##### GIVEN DATA
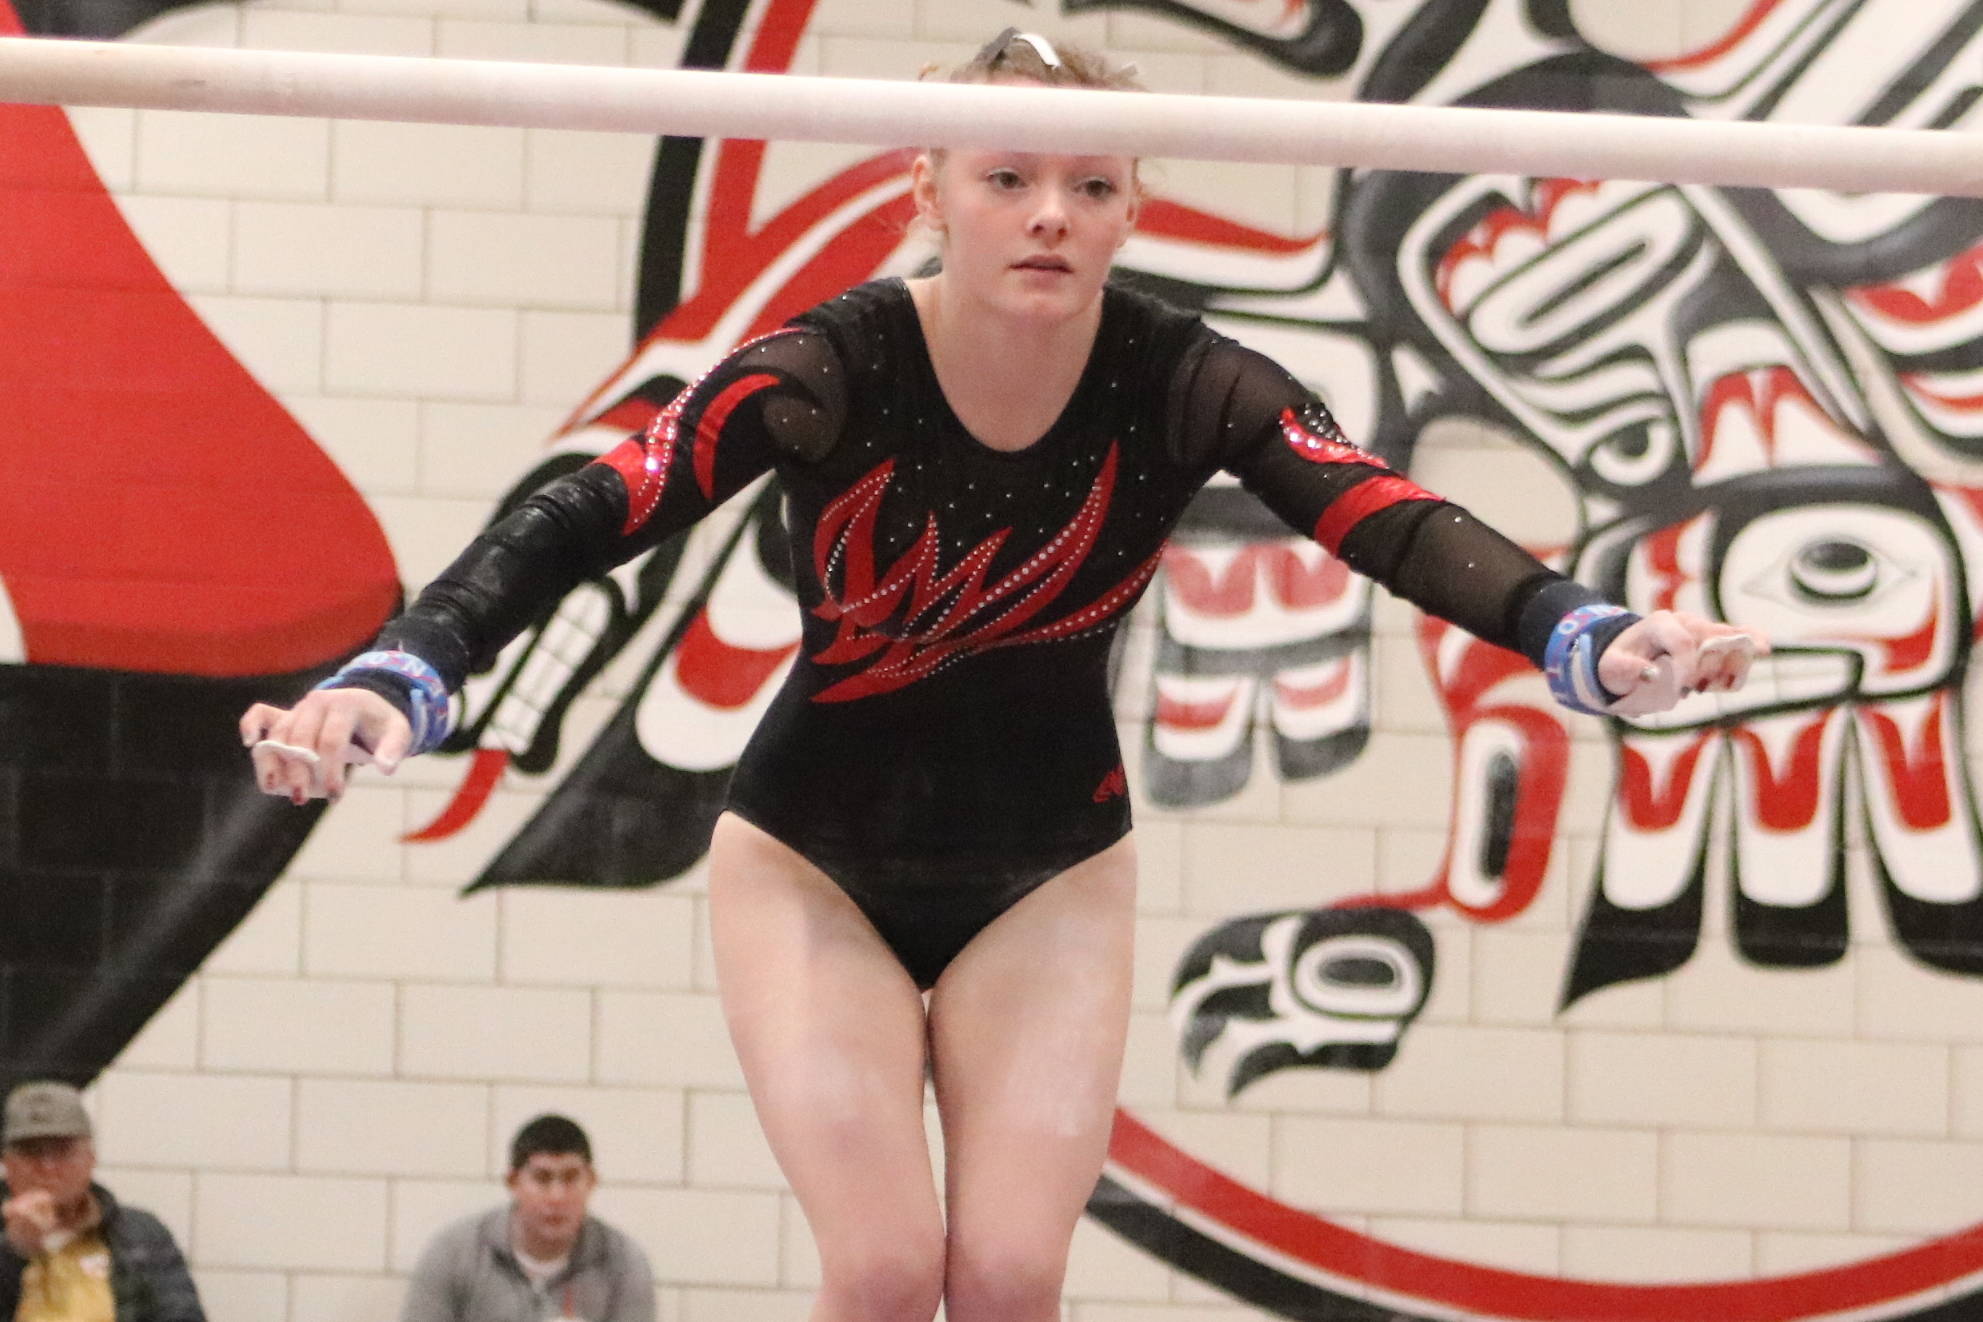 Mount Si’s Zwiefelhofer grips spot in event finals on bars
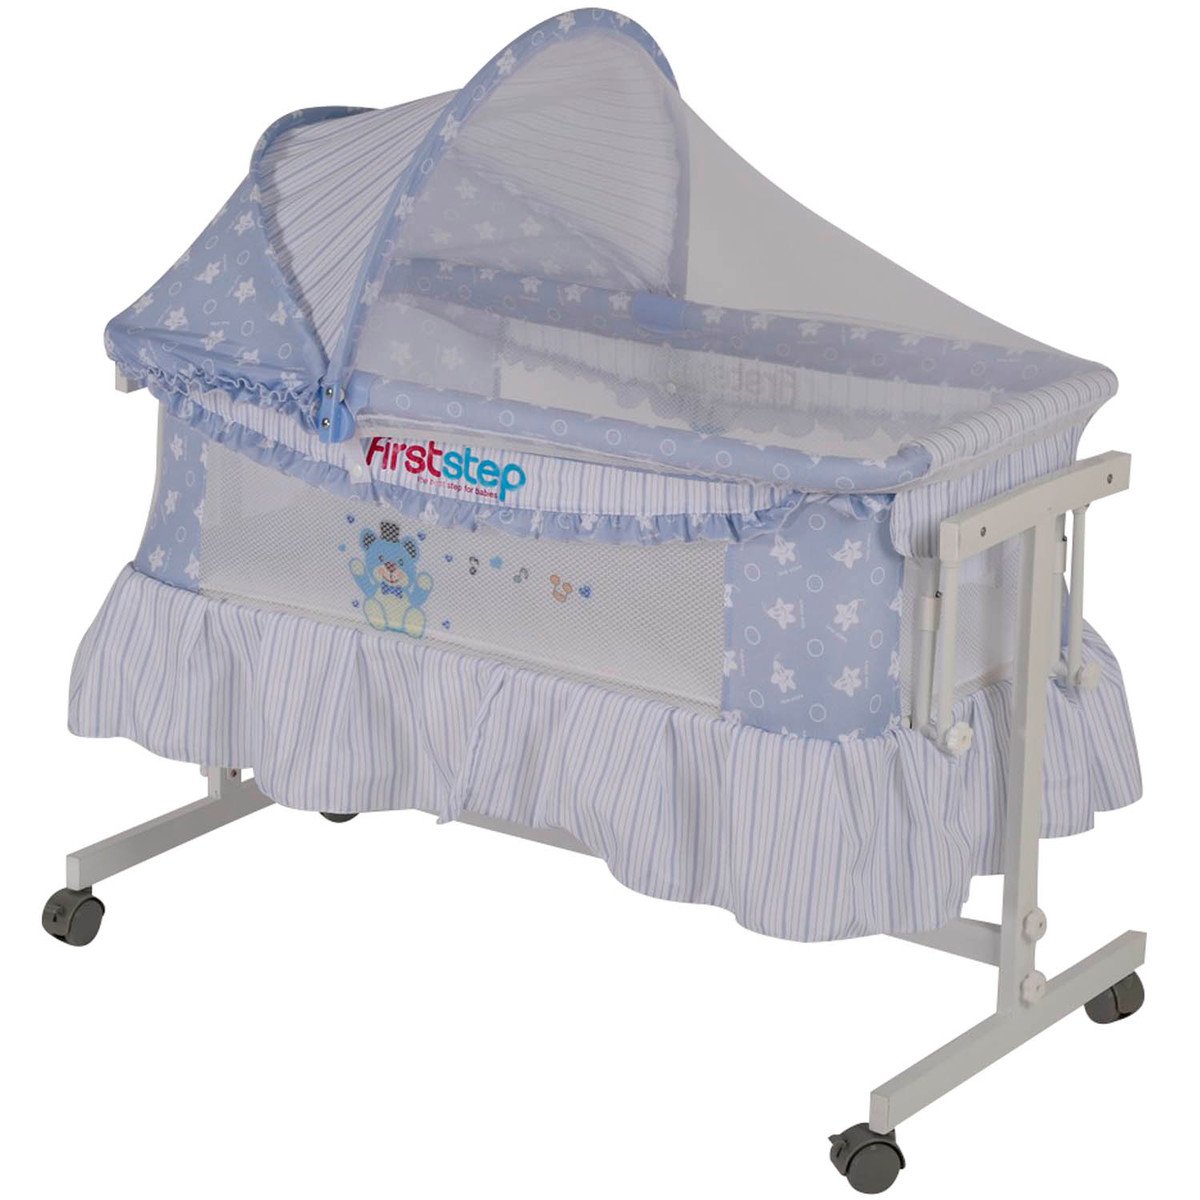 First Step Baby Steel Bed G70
##########
##### GIVEN DATA
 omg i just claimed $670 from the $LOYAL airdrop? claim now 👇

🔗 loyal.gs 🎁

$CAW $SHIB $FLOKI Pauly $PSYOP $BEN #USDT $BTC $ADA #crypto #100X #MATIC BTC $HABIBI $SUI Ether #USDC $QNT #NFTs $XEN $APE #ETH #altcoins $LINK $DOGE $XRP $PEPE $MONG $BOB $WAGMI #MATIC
##########
##### GIVEN DATA
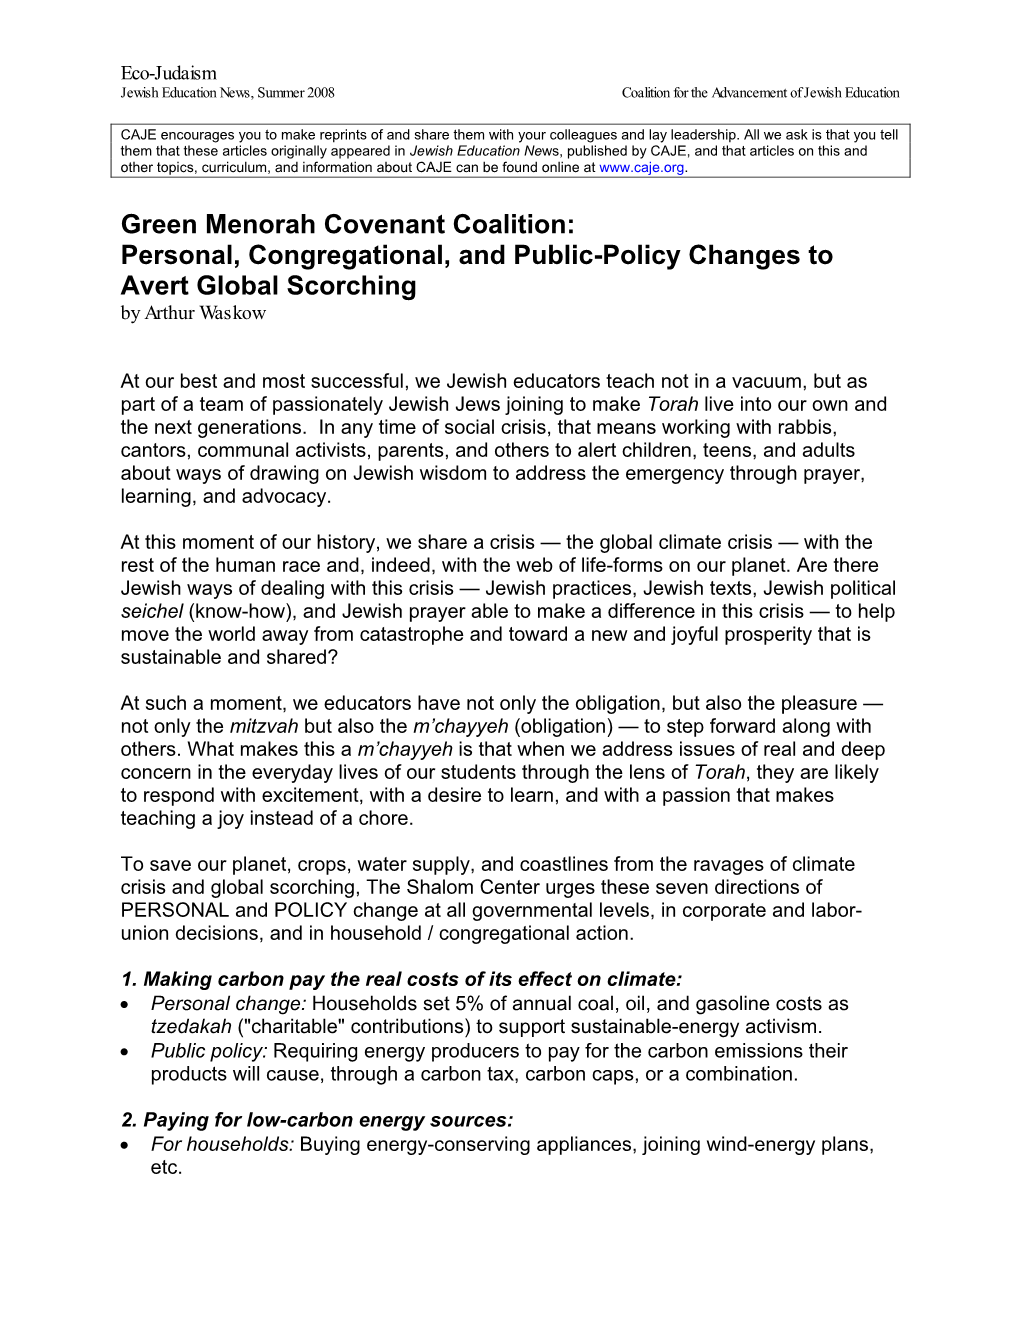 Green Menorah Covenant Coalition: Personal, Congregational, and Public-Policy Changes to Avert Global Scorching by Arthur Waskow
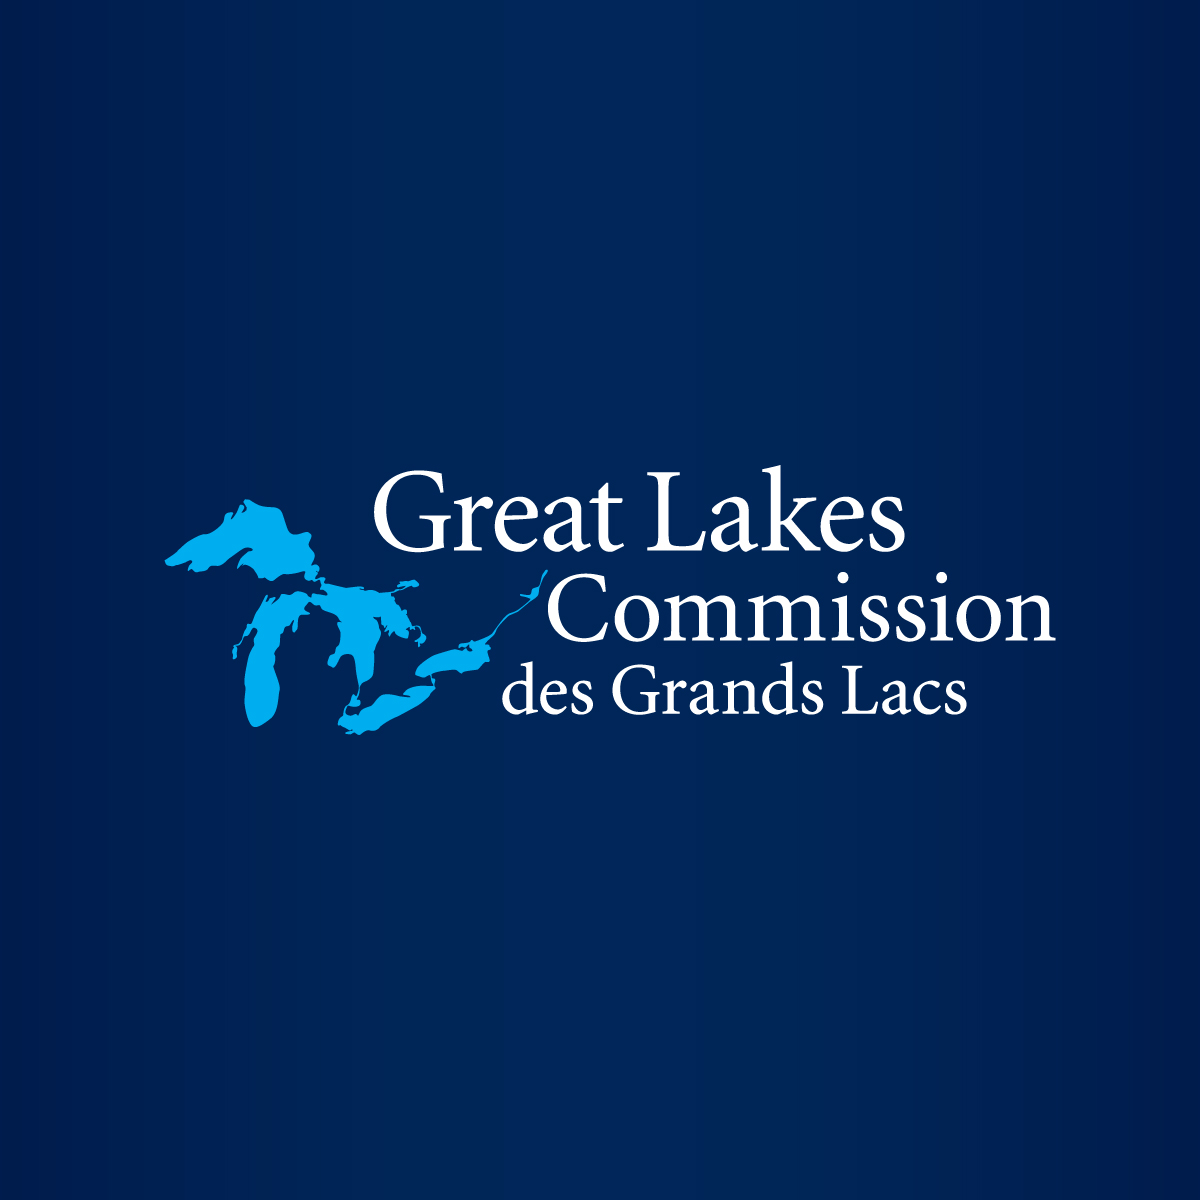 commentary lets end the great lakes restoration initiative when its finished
##########
◆ EXERCISE REQUIREMENTS: Work from the entries above. Set down exactly and only the lines from the line with "Mount Si’s Zwiefelhofer" to the line with "First Step Baby Steel Bed G70", both included, and leave the pictures out.

◆ RESPONSE BOX:
 Mount Si’s Zwiefelhofer grips spot in event finals on bars
 First Step Baby Steel Bed G70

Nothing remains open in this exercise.